Task 1: Solving the Data Race Condition with a Mutex
Hint :To solve this issue, we need to ensure that increments to counter are done atomically, which means only one thread can update counter at a time. We can achieve this by using a std::mutex to protect the critical section where counter is incremented.
Task 2: Creating a Deadlock
In this task, we will not use lock_guard and instead manually lock the mutex without unlocking it. Run the program and observe what happens.
ObservationDid your program hang? This is called a deadlock.
Deadlock ExplainedA deadlock occurs when a thread is waiting for a resource (in this case, a mutex) that will never become available because it is held indefinitely by another thread (or even the same thread). This situation can cause the program to hang, as the waiting thread cannot proceed. To avoid this, we can use lock guards.

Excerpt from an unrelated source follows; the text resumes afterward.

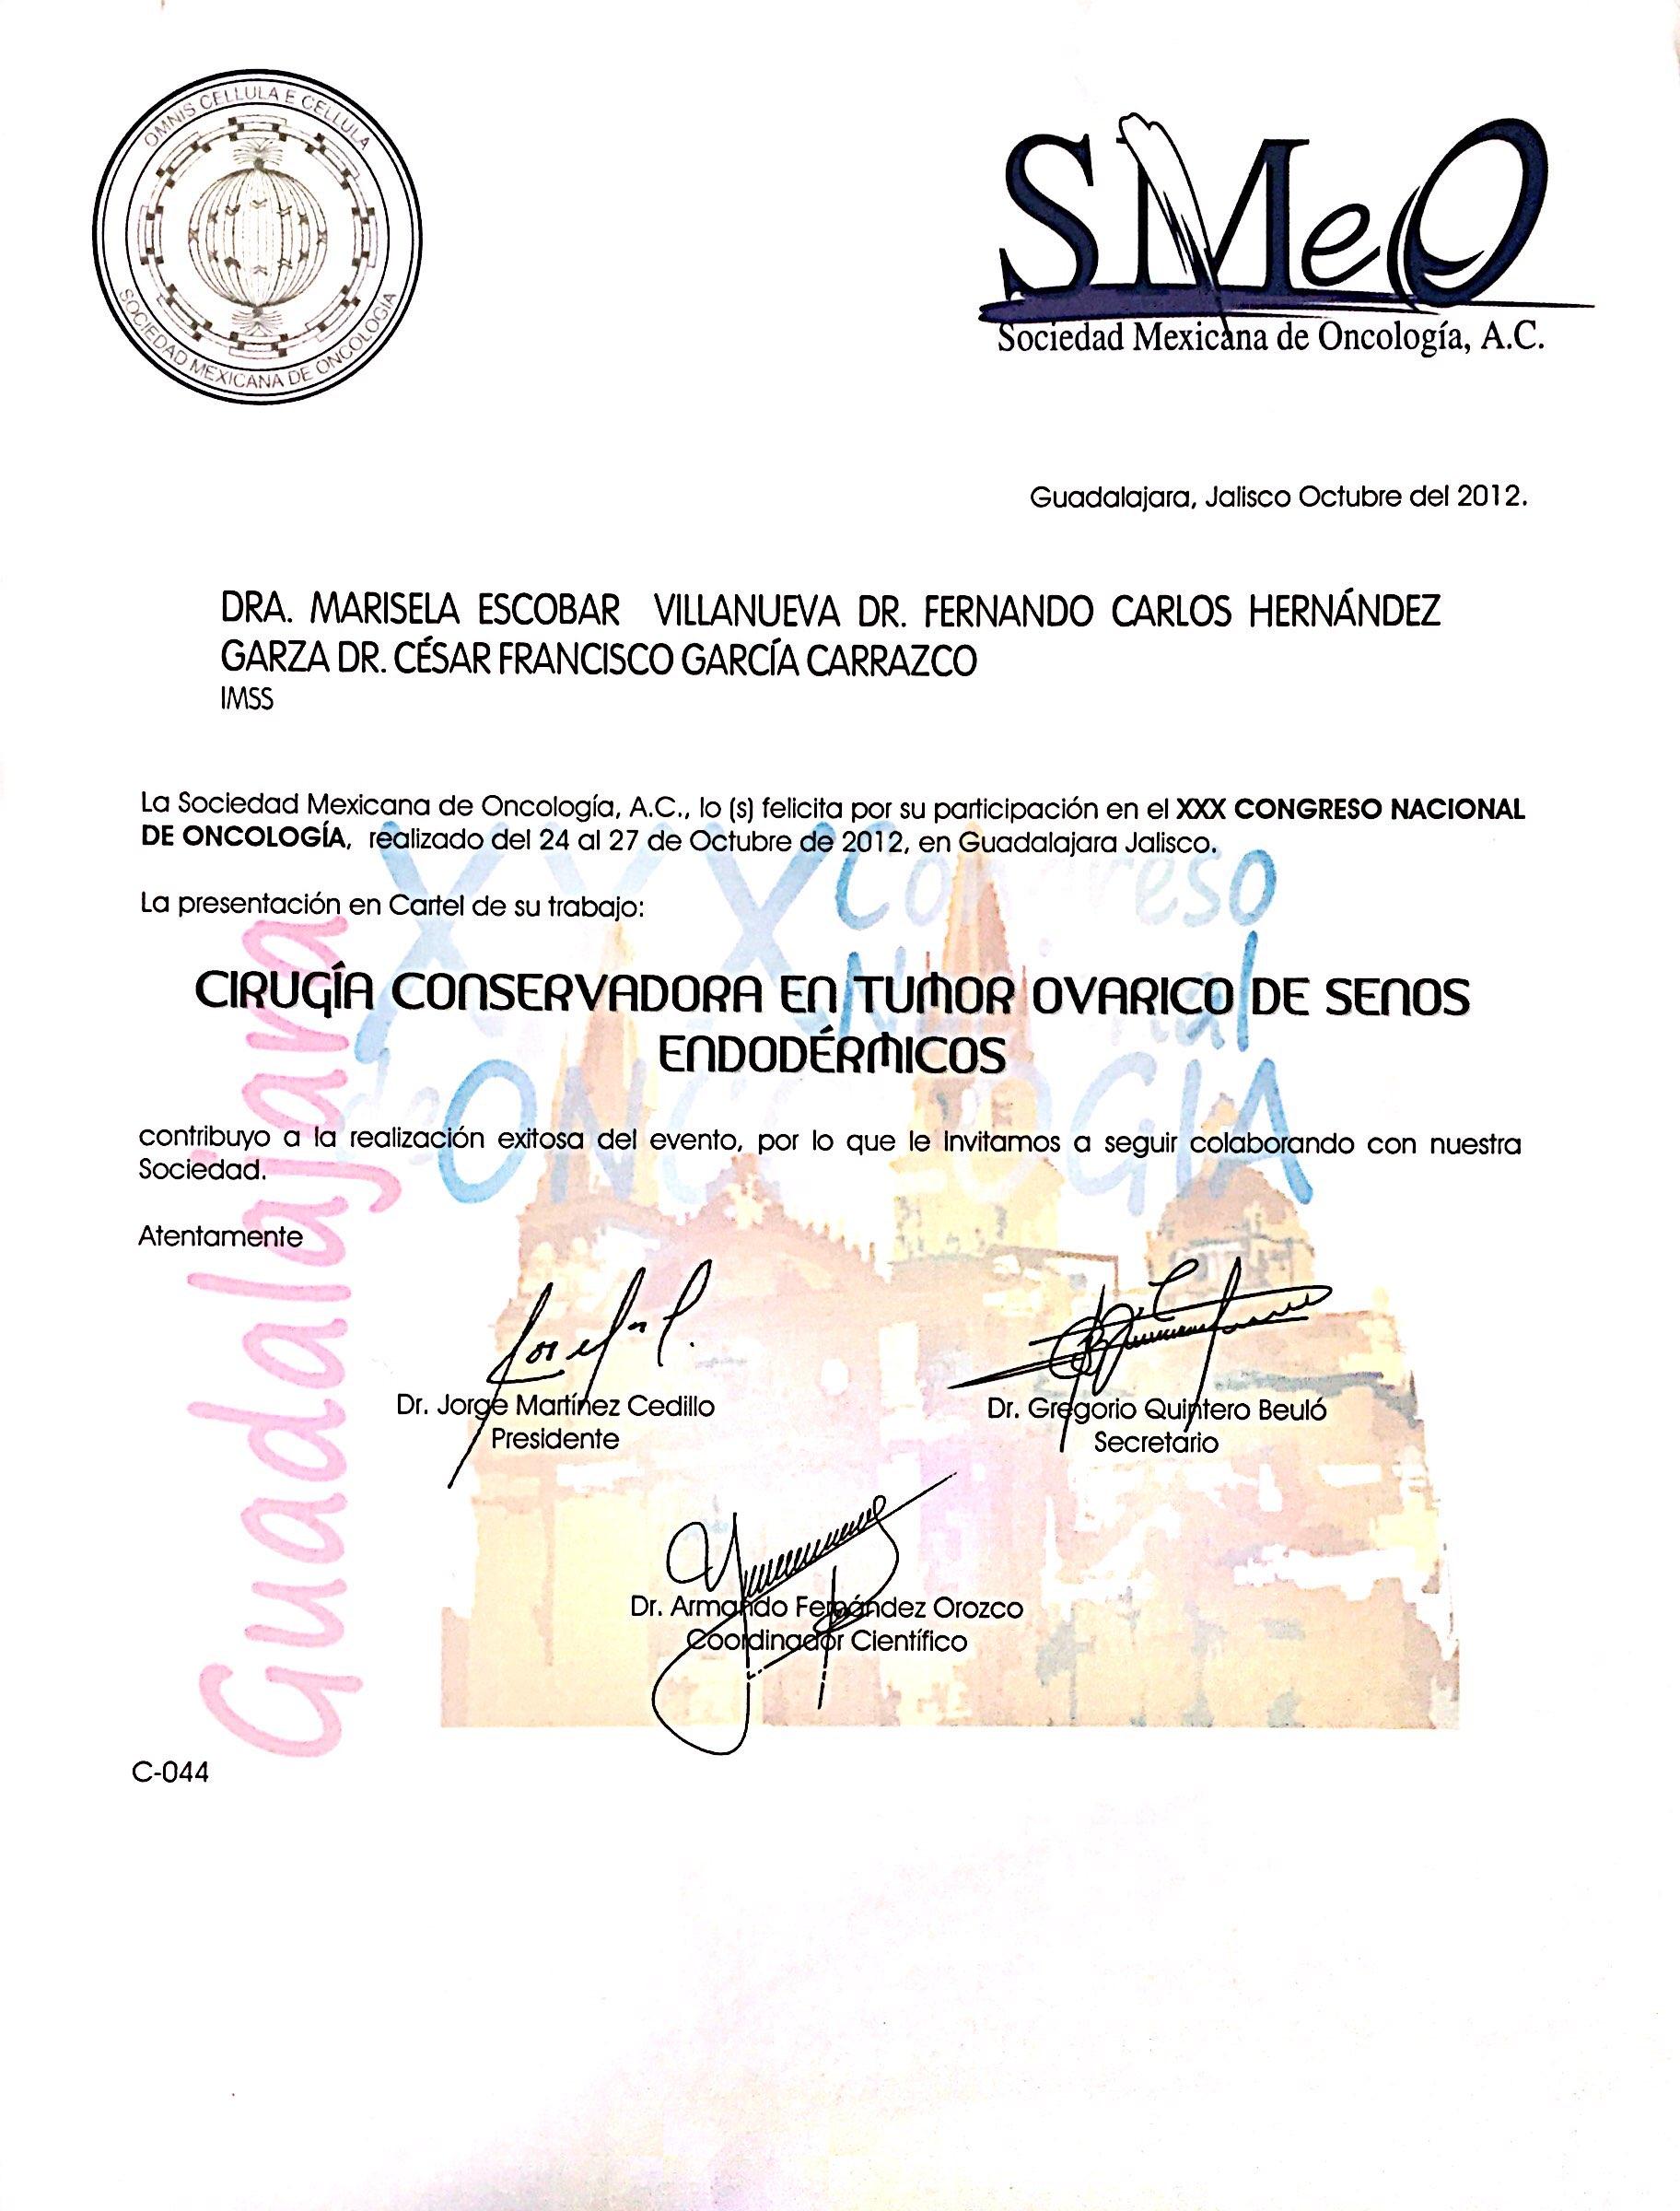 Nuevo doc 2018-02-20 11.21.39_18

Why Multithreading Matters
Multithreading is crucial for modern software development due to its numerous benefits:
1. Enhanced Performance:
- Multithreading enables parallel execution of tasks on multi-core processors, maximizing CPU utilization and reducing task completion time.
- By distributing the workload among threads, programs can achieve higher throughput and responsiveness.

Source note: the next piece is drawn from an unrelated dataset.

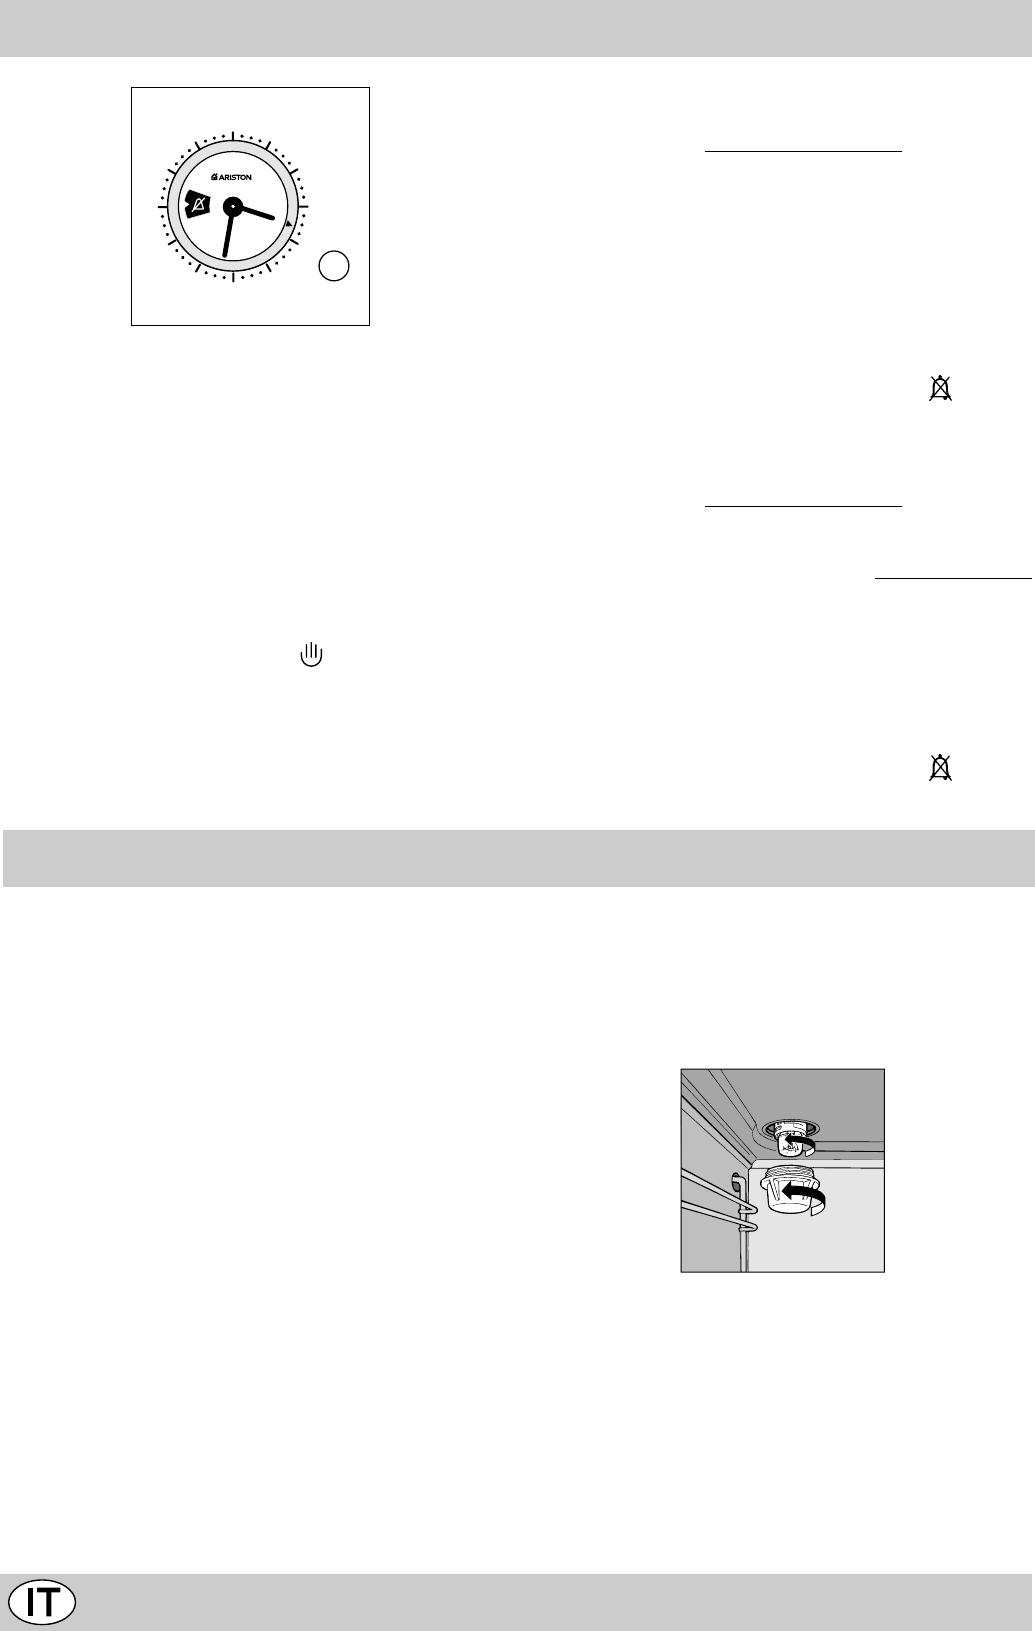 Handleiding Ariston Xf 905 Pagina 4 Van 52 Deutsch

2. Improved Responsiveness:
- Applications can remain interactive and responsive to user input even while performing computationally intensive or time-consuming tasks in the background.
- This is particularly important in user interfaces, where responsiveness enhances the user experience.
3. Concurrent Operations:
- Multithreading facilitates the concurrent execution of tasks, allowing programs to handle multiple operations simultaneously.
- This is beneficial for I/O-bound tasks (e.g., reading/writing files, network communication) and server applications handling multiple clients concurrently.
4. Modularity and Simplified Logic:
- Multithreading promotes modular design by enabling the separation of different functionalities into separate threads.
- Threads can focus on specific tasks, leading to simpler and more manageable code.
Practical Examples
- Web Servers: Multithreading enables web servers to handle multiple client requests concurrently, improving responsiveness and throughput.
- Desktop Applications: Applications like word processors, web browsers, and media players use multithreading to perform background tasks without blocking the user interface.
- Real-time Systems: Multithreading ensures timely processing of critical tasks in real-time systems such as flight control software and medical devices.
Conclusion
Concurrency and multithreading are essential concepts for building efficient, responsive, and high-performing applications. By understanding and properly managing threads, developers can harness the full power of modern multi-core processors, delivering better user experiences and more robust software. However, it is crucial to handle synchronization and avoid common pitfalls like race conditions and deadlocks to ensure the correctness and reliability of multithreaded programs.